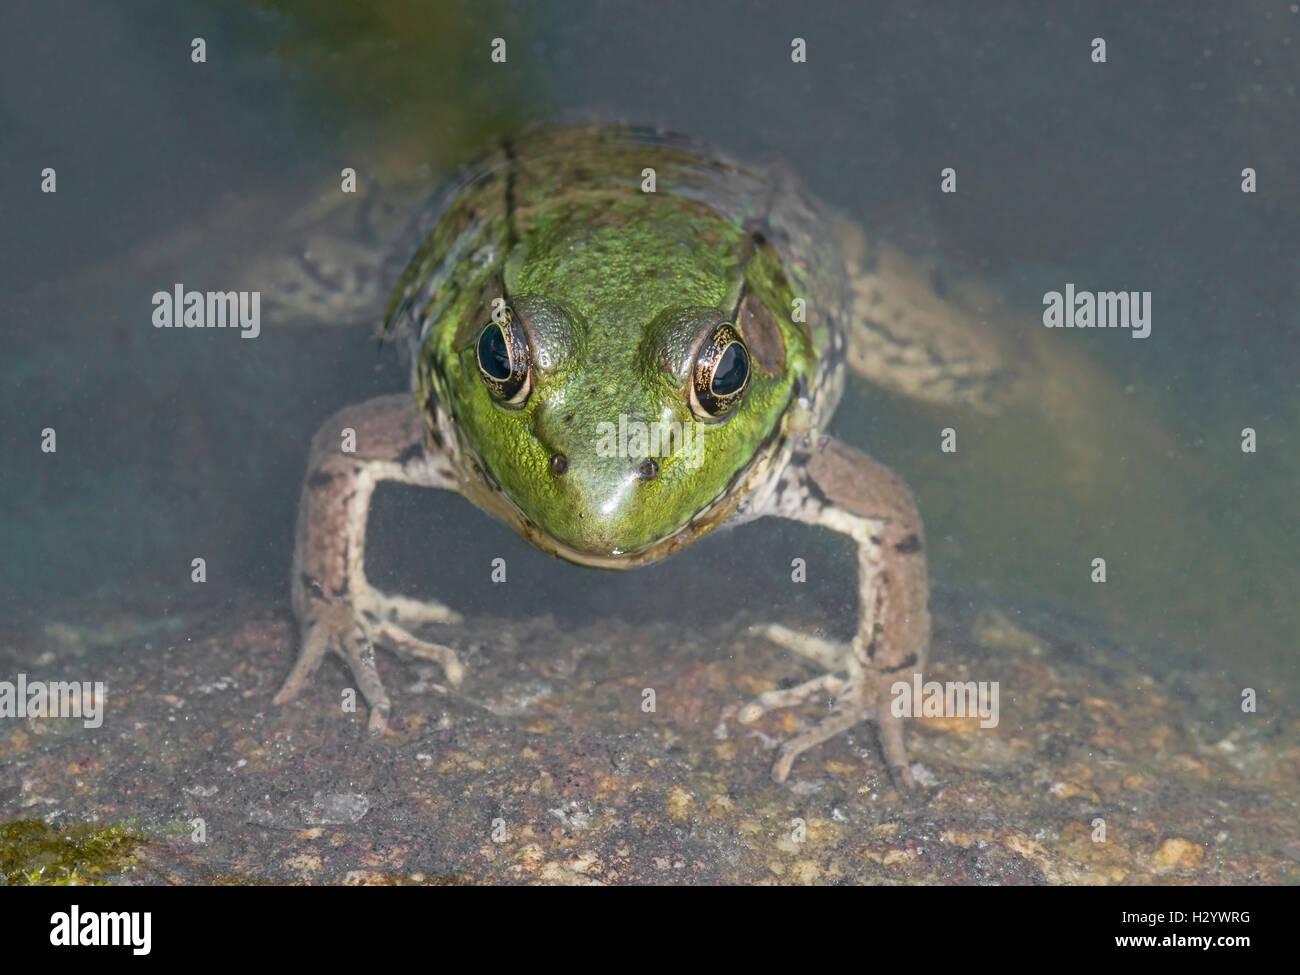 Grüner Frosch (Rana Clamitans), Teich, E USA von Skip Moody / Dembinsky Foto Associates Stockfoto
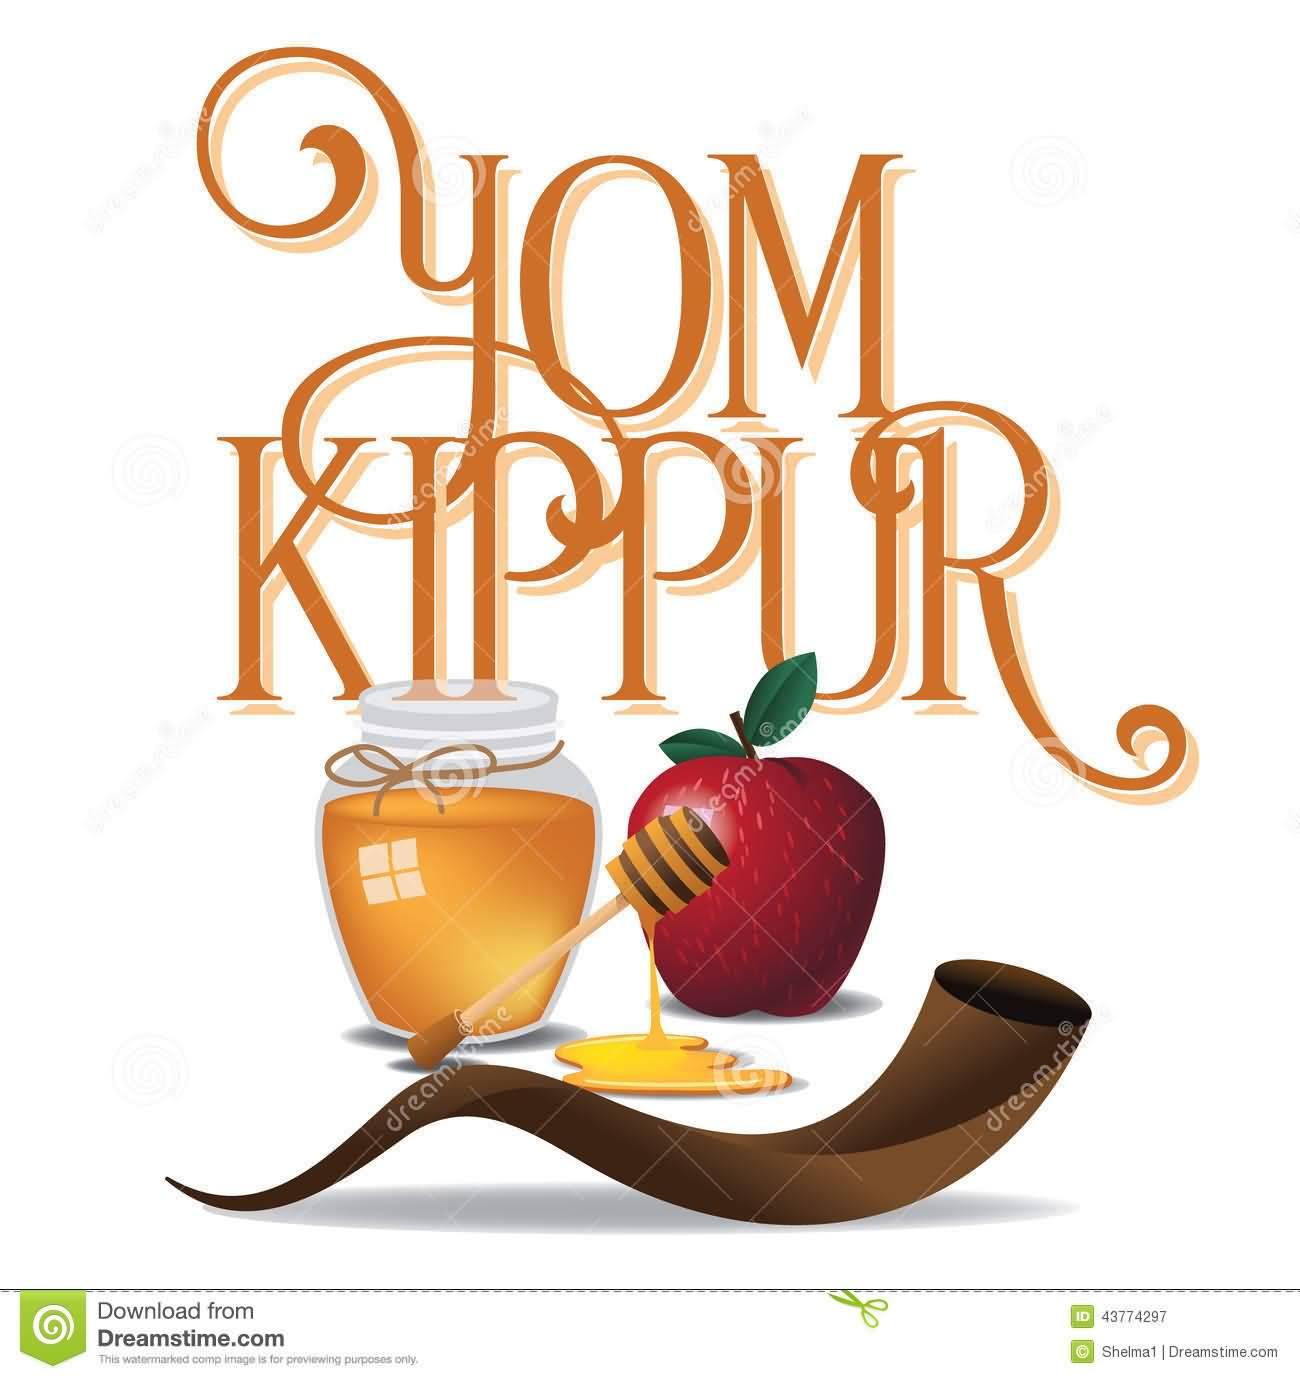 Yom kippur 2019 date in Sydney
==========
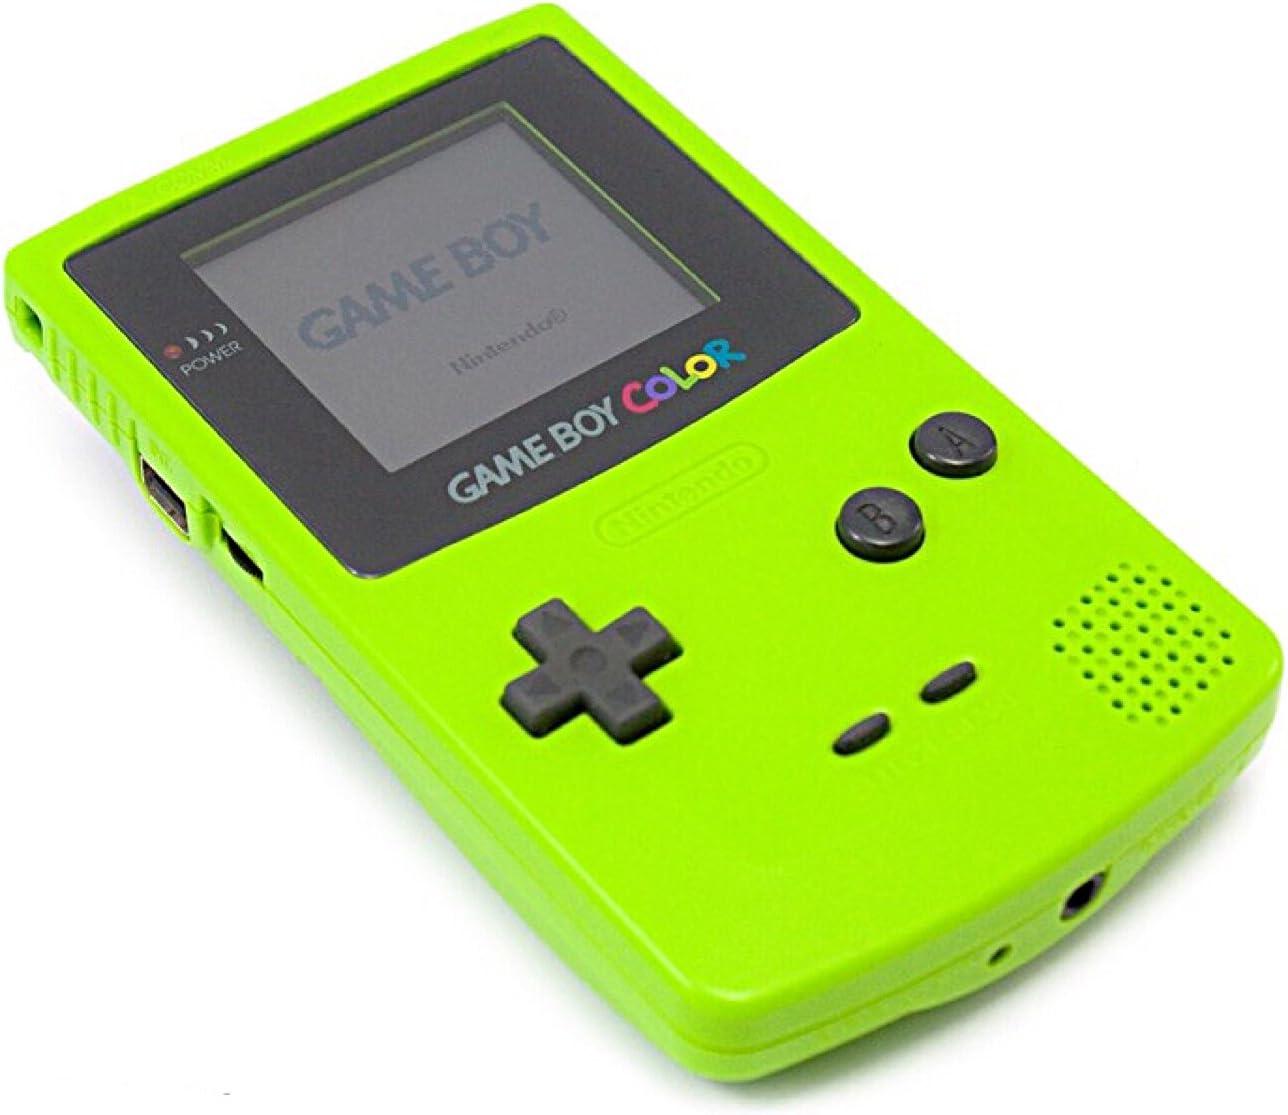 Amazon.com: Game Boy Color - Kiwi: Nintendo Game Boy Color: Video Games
==========
**ABOUT THIS EXERCISE**
Although the records above contain pictures, the copy must not; set down exactly the lines from the one with "Grüner Frosch (Rana" up to and including the one with "Yom kippur 2019 date in Sydney".

**ANSWER SPACE**
 Grüner Frosch (Rana Clamitans), Teich, E USA von Skip Moody / Dembinsky Foto Associates Stockfoto
 Yom kippur 2019 date in Sydney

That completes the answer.